Ted Mermin on the Berkeley Center for Consumer Law and Economic Justice

Tuesday, May 22, 2018

Corporate Crime Reporter 

It’s not a consumer law clinic per se, but it will support the work of consumer law clinics around the country.

The center will deliver research and analysis to fuel meaningful policy change.

It will produce white papers, file amicus briefs in consumer cases in appellate courts nationwide, provide input to legislatures and regulatory agencies on behalf of low-income consumers, and increase student opportunities to do hands-on consumer policy work.

The center will co-host the nation’s only conference of consumer law clinics and convene the first conference of scholars in the field.

It will also bring together public and private sector practitioners, advocates, academics, and students for speaker series, workshops, and collaborative projects.

Berkeley Law School’s Ted Mermin will serve as the Center’s Interim Executive Director.

Mermin and Bay Area trial attorney Elizabeth Cabraser have played integral roles in building the Berkeley Law School’s consumer law program over the past ten years.

Mermin calls the new center “the capstone of a decade of tremendous growth.”

“Both of us have taught consumer courses at Berkeley Law and have seen first-hand a surging interest among students,” Mermin said. “The curricular offerings have grown, the clinical offerings have grown – and now this endeavor will take the program to another level.”

Part of the center’s mission will be to help define the parameters of consumer law – which can include everything from debt collection abuses and inflated drug prices to false advertising and subprime auto lending – and to identify key issues that demand attention.

“While modern consumer law has been around for more than a century, there’s never been an academic hub at a school like Berkeley Law with the mission of figuring out what it encompasses and what it can accomplish,” Mermin said. “That’s a real void we’re eager to fill.”

The Center is being funded by a $3.5 million donation from Cabraser.

“Elizabeth Cabraser and I had talked about the need for a center of this kind,” Mermin told Corporate Crime Reporter in an interview last week. “We worked out an outline of what it is the Center should do. As far as I was concerned, we were getting ready to start talking to potential funders. And she and I had a meeting in December 2017 planning some of the operations of this center and how to approach potential funders when she changed the course of the meeting by offering to fund the Center herself. It was a remarkably generous act and that furthers the work that she has done in her career.”

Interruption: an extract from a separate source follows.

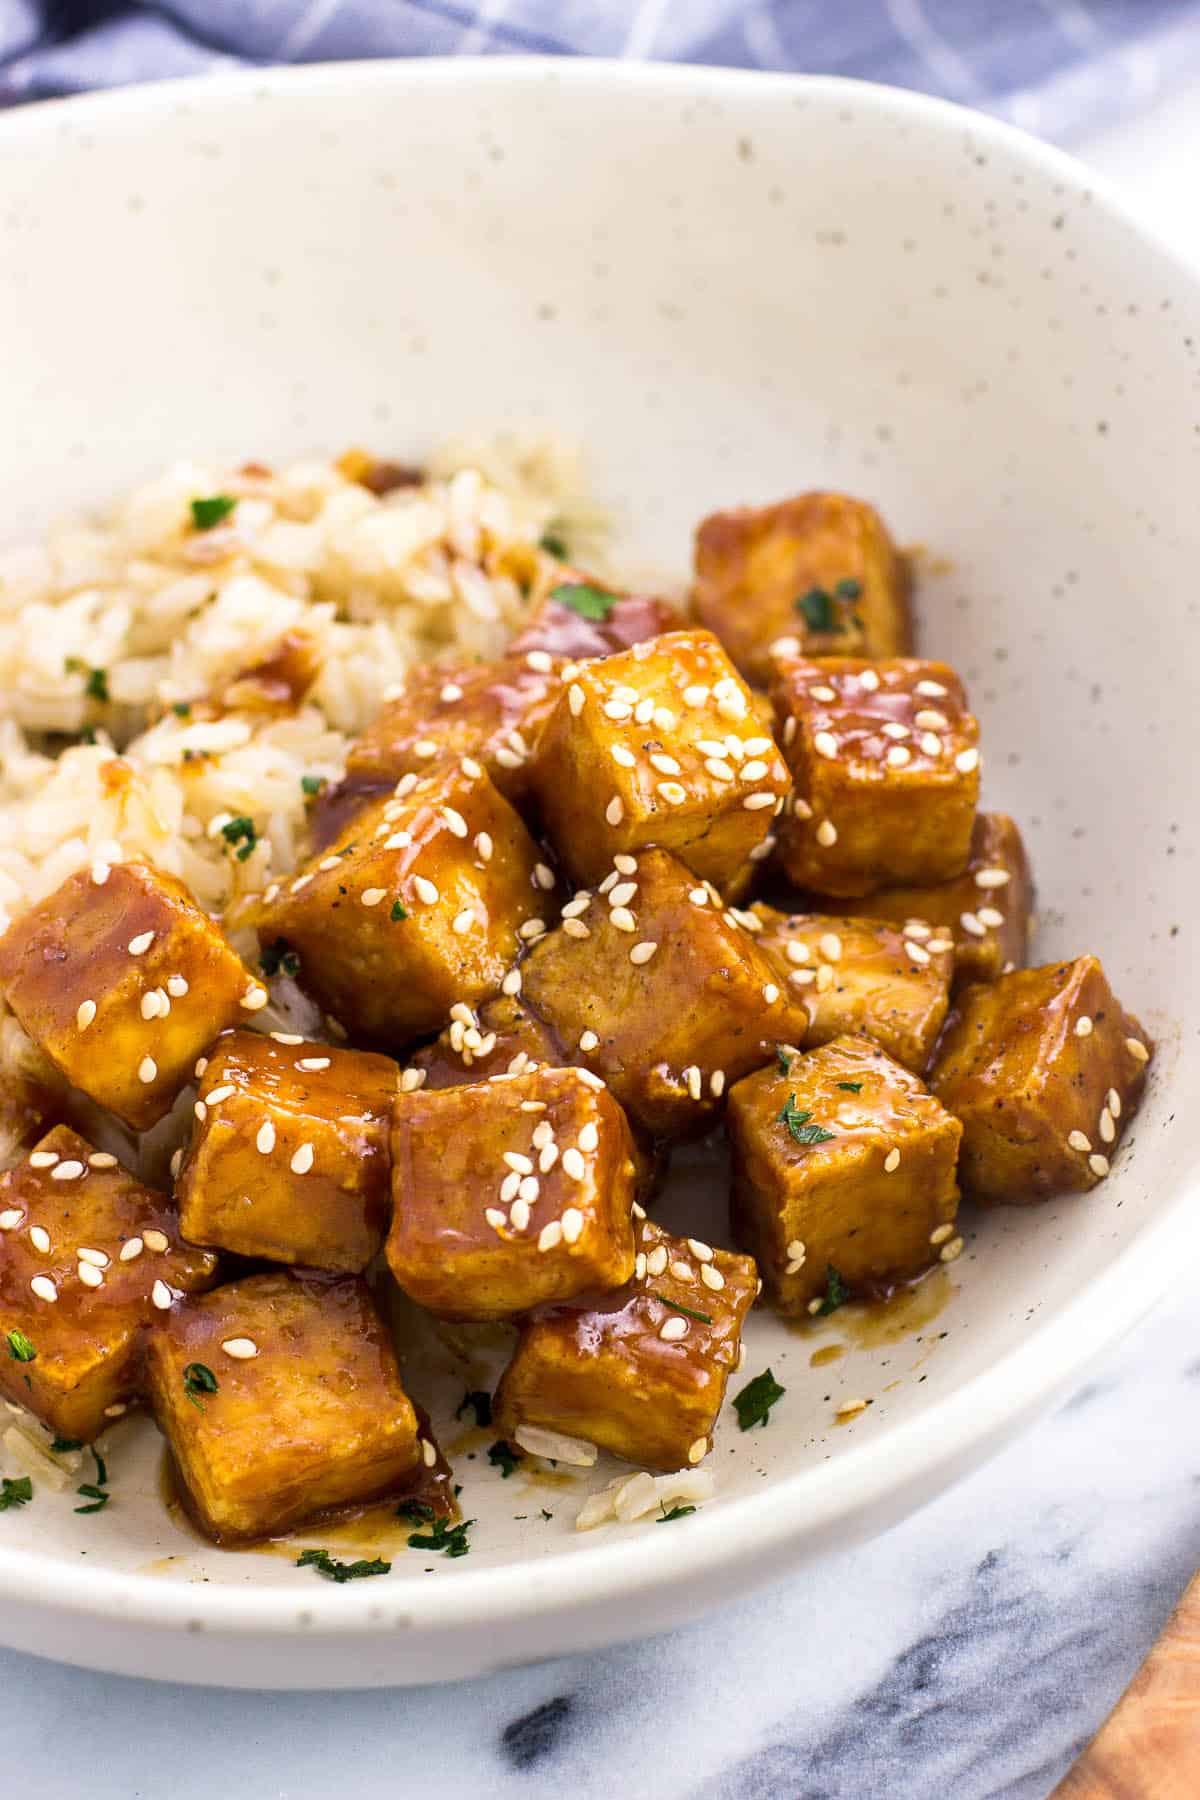 Cubes of tofu tossed in glaze and topped with sesame seeds in a bowl with brown rice.
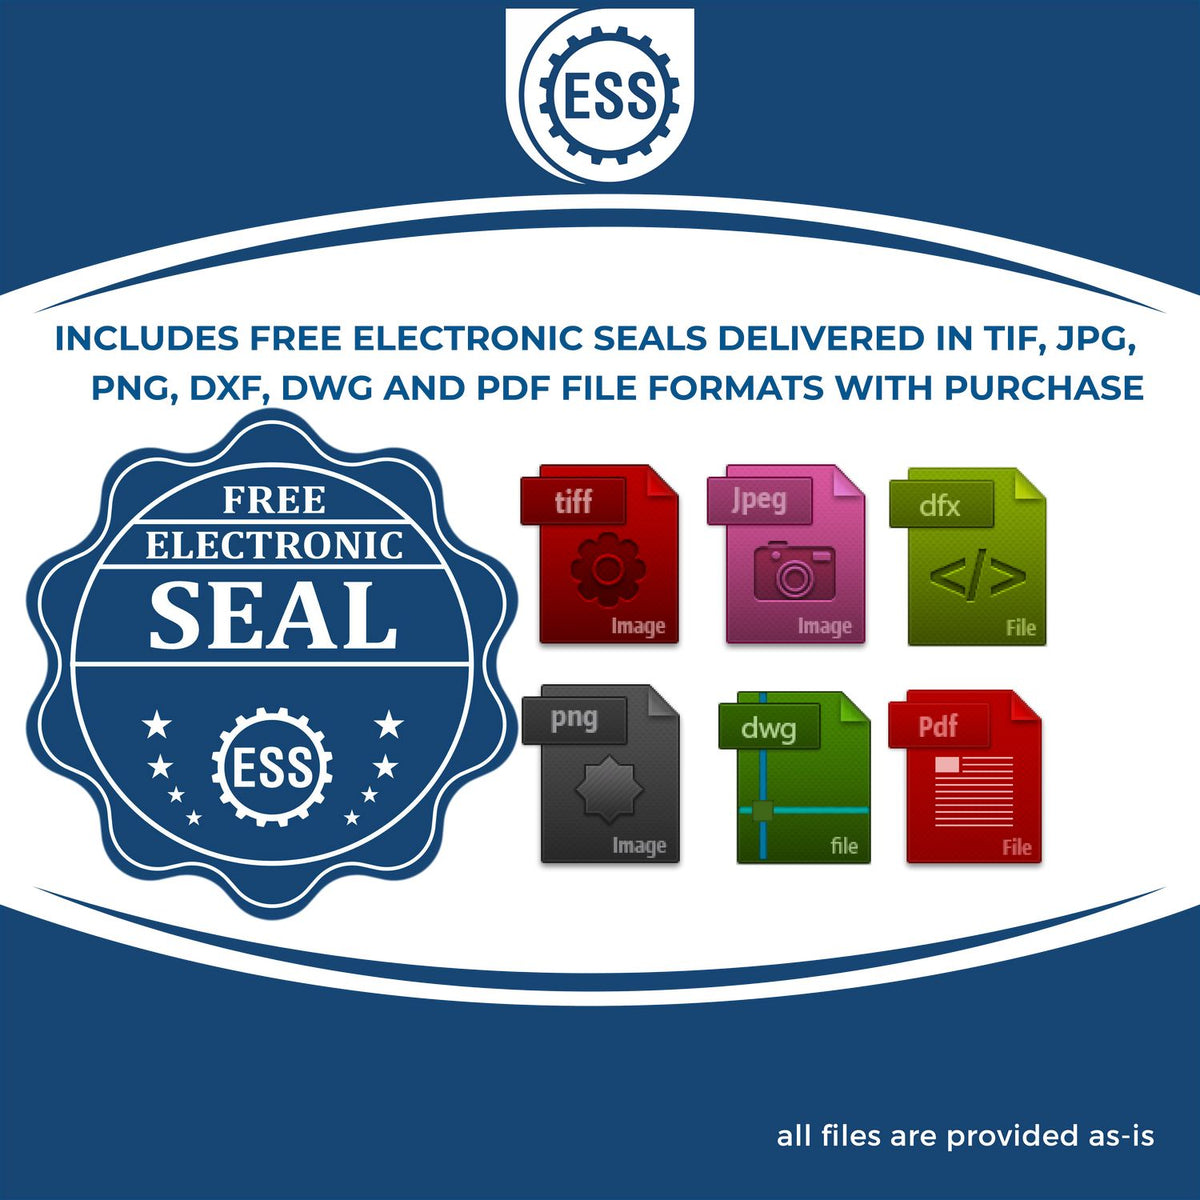 An infographic for the free electronic seal for the Premium MaxLight Pre-Inked Oregon Geology Stamp illustrating the different file type icons such as DXF, DWG, TIF, JPG and PNG.

How did the Center come about?

“I started teaching at the law school ten years ago,” Mermin said. “The law school had never had a course in consumer law in their 100 plus year history. I had certainly not had one. I started teaching my first consumer law class ten years ago. My first class had eight or nine students. My second class had nine or ten students. But we grew. The third had seventeen students. And the fourth and beyond were overenrolled. And we had to cap it at twenty students.”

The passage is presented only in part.